Effectiveness in Real-World Emergencies
While clinical trials are challenging to conduct on lifesaving trauma
interventions, case reports and disaster responses provide real-world examples
of GBC Kits successfully controlling bleeding in pre-hospital settings:
- 2011 Arizona shooting: Off-duty medical staff at a political event applied
tourniquets from a kit to multiple victims of a gunman, likely saving lives
before EMS arrived.
- 2013 Boston Marathon bombing: Citizens used GBC Kits distributed by police to
secure tourniquets on severed limbs and apply pressure dressings while waiting
for ambulances overwhelmed by over 200 casualties.

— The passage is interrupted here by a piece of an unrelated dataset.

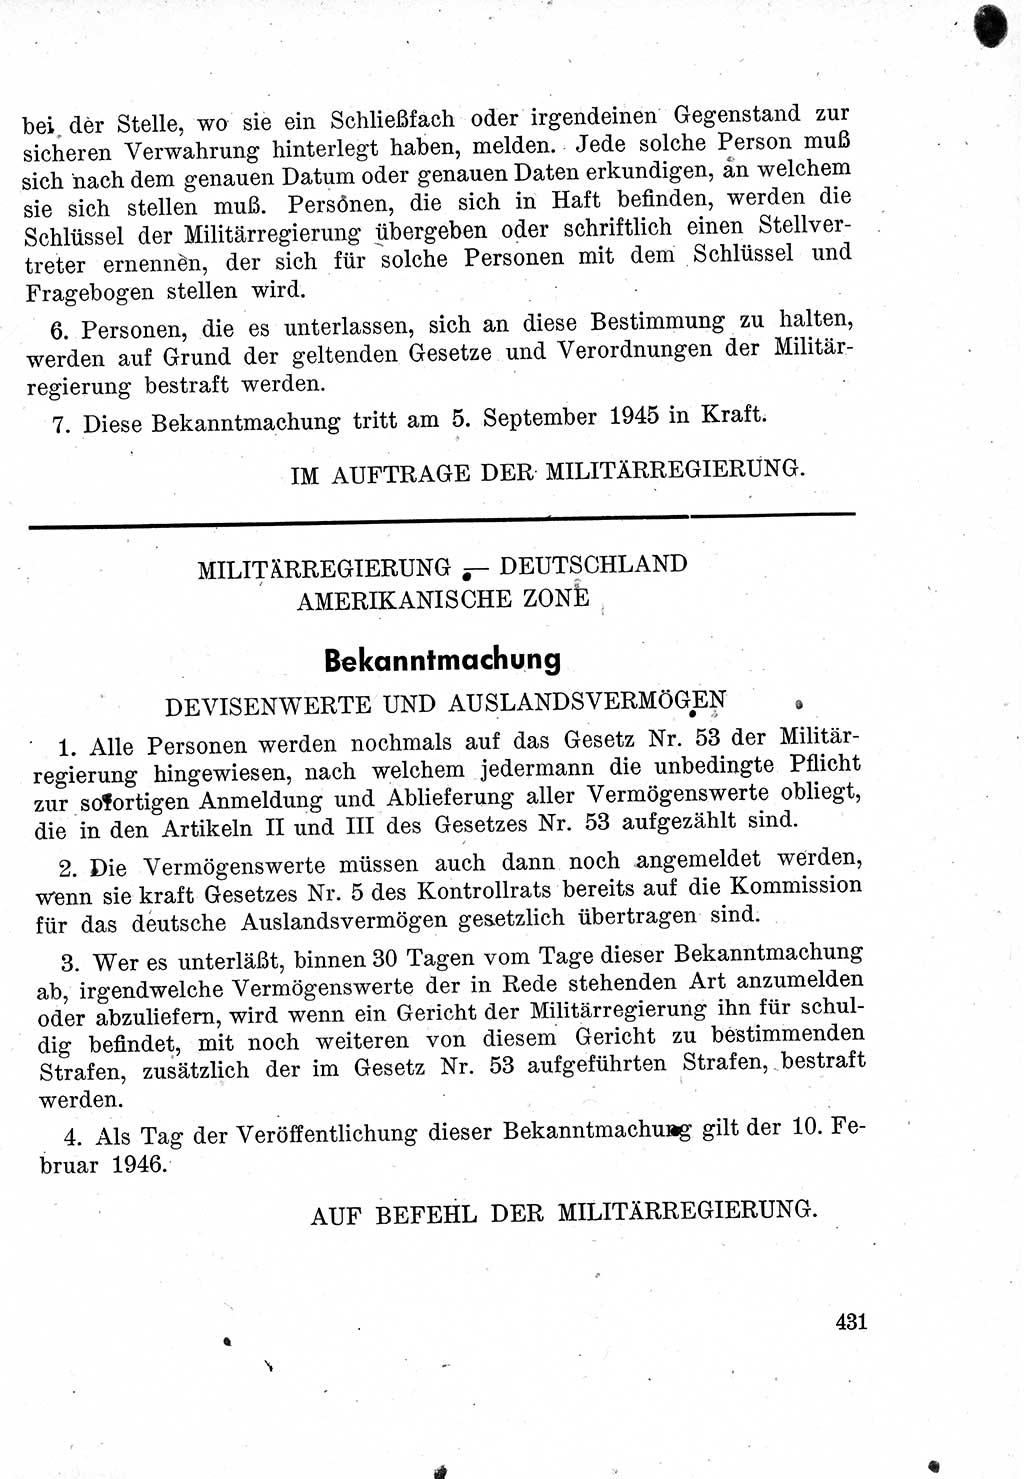 Das Recht der Besatzungsmacht (Deutschland), Proklamationen, Deklerationen, Verordnungen, Gesetze und Bekanntmachungen 1947, Seite 431 (R. Bes. Dtl. 1947, S. 431)

- 2019 California synagogue shooting: Worshippers trained in stop-the-bleed
techniques stemmed bleeding with a kit until the lone fatality succumbed to
uncontrolled neck hemorrhaging.
- 2021 FedEx shooting: Bystanders and off-duty officers at the package sorting
facility credited GBC Kits with helping treat multiple gunshot and shrapnel
injuries before transport.
Public access trauma kits meet an important need in the critical minutes after
injury when definitive care may be delayed or distant. Even brief hemorrhage
control can increase survival rates substantially for those in life-threatening
situations far from hospitals. Spreading their availability wherever people
gather aims to curb preventable death from bleeding emergencies wherever they
occur.
Training Requirements and Limitations
While admirably simple to use during stress and chaos, GBC Kits are most
effective when combined with basic hemorrhage control training. Proper
techniques must be learned to apply dressings, tie tourniquets correctly high
and tight, monitor placement and document vital information for rescuers
arriving later. Urgent scenarios require focused skills, not attempts to
improvise solutions.
Lay responders must understand limitations too. GBC Kits alone do not replace
ambulance transport or substitute for medical evaluation and treatment of
wounds. Dangers exist if used inappropriately or left in place excessively long
without definitive care. Public access trauma training educates responders on
these issues while empowering them to save lives rather than being bystanders
during catastrophes.
Future Improvements and Challenges
As GBC Kits become standard preparedness items for more agencies and
organizations, improvements aim to expand their lifesaving potential further:
- New dressing and tourniquet designs strive for even simpler and more
effective use under stress without sacrificing pressure levels required to
achieve hemostasis.
- Bleeding control simulation models and refresher courses develop hand-on
experience for long-term skill retention beyond initial certification or
awareness programs.
- Alternative response strategies target needs of underserved areas lacking
transportation infrastructure through inventory kits for lay responders living
remotely.
- Research assesses additional applications like augmenting first aid response
during mass casualty disasters or combating non-traumatic hemorrhage from
medical emergencies, such as strokes or cardiac issues.
In Summary, challenges lie in changing societal norms where bystanders
historically hesitate intervening during emergencies. Public accessibility
alone does not guarantee willingness and confidence to act. Overcoming barriers
to the diffusion of simple lifesaving techniques demands ongoing advocacy
emphasizing bleeding is reversible if addressed urgently before help arrives.